The Effects of Glomus etunicatum Innoculation of Robinia pseudoacacia Seedlings on Soil Aggregate Formation in Coal Mine Tailings1a

Seung-Jin Hong1, Yong-Woo Park1, Kyung-Min Lim1, Se-Kyung Kim1, Chang-Duck Koo1*
1Dept. of Forest Science, Chungbuk National Univ., Cheong-ju 361-763, Republic of Korea()

a This study was supported by Techology Development program for mine reclamation(2011), Mine Reclamation corp., Republic of Korea

Corresponding author: Tel: +82-43-272-5921, Fax: +82-43-261-2537, E-mail: koocdm@chungbuk.ac.kr
August 7, 2014 January 6, 2015 January 7, 2015

Abstract

An investigation was conducted on the effects of arbuscular mycorrhizal fungus, Glomus etunicatum on the formation of soil aggregate and mycorhizal development in the roots of Robinia pseudoacacia seedlings in coal mine tailings and forest soil. G. etunicatum formed mycorrhizas by 35.1 % in coal mine tailings and by 48.9 % in forest soil. Its infection was the typical Arum-type forming inter-cellular hyphae and intra-cellular arbuscules. Ergosterol contents were 3.20 ppm in forest soil and 1.92 ppm in coal mine tailings. The formation of soil aggregate per 50 g pot soil was 19.6 g and 9.5 g in inoculated and noninoculated forest soil and 16.5 g and 11.0 g in inoculated and non-inoculated coal min tailings, respectively.

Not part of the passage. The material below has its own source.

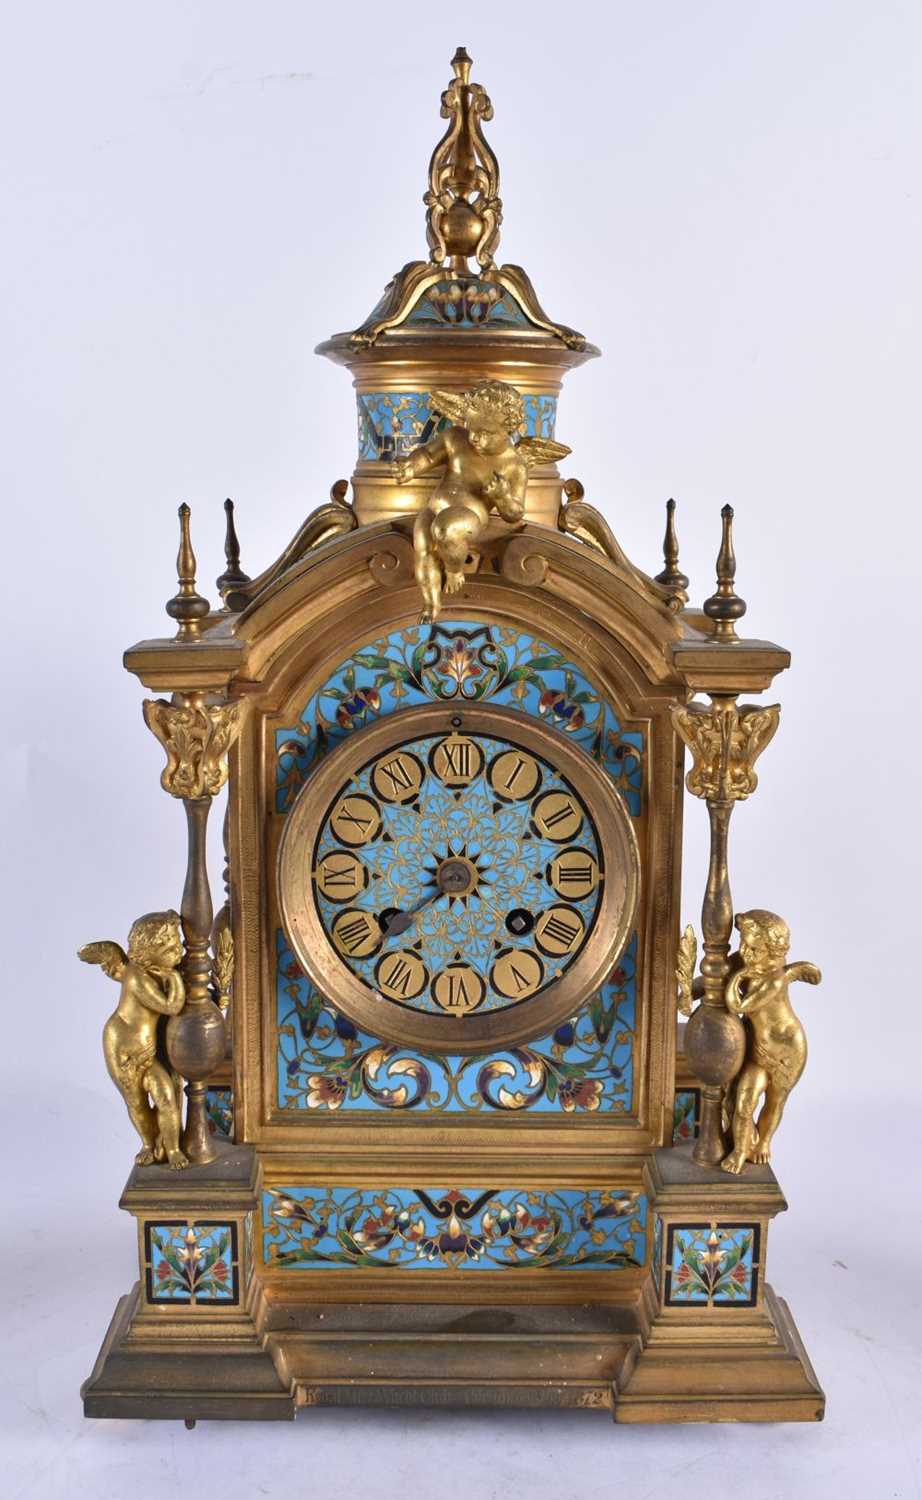 A FINE 19TH CENTURY FRENCH ORMOLU AND CHAMPLEVE ENAMEL CLOCK GARNITURE formed with putti amongst - Image 2 of 9

In conclusion, G. etunicatum inoculation increased the formation of soil aggregate both in forest soil and coal mine tailings, but was less effective in the latter.

FOREST SOIL , ARBUSCULAR MYCORRHIZA , MYCORRHIZA FORMATION , ERGOSTEROL CONTENT

초록

    INTRODUCTION

    Since the development of coal mines, coal waste dumps and acid leachate due to abandoned mines has caused secondary damages to the forest environment; waste is washed away and the water becomes polluted. (Jeong et al., 2010). Most closed mines in Korea have been neglected without any disciplinary measures, and just a few basic studies on coal wastes was initiated at the end of the 1980s when damage due to those wastes became a social issue. One method that is currently used to grow vegetation in coal waste piles in Korea is to fill an area of about 60 cm of general soil as collected from cut slopes, and to seed or plant the top. Meanwhile, due to requests to solve contaminants from closed mines with eco-friendly technologies, phytoremediation, a method using plants, is receiving attention, and research related to this, research on hyper-accumulators and tolerant species have been conducted in Korea and abroad. However, most of those research papers do not seem to be very relevant to the fact that mine protection could prevent heavy metals from leaching out (Jeong, 2012 ; Yi et al., 2013). Also, chemical additives that are used as enhancers could cause potential toxicity and heavy-metal elutions to plants, which could induce secondary pollution. Accordingly, proper measures and systematic study are required at this point.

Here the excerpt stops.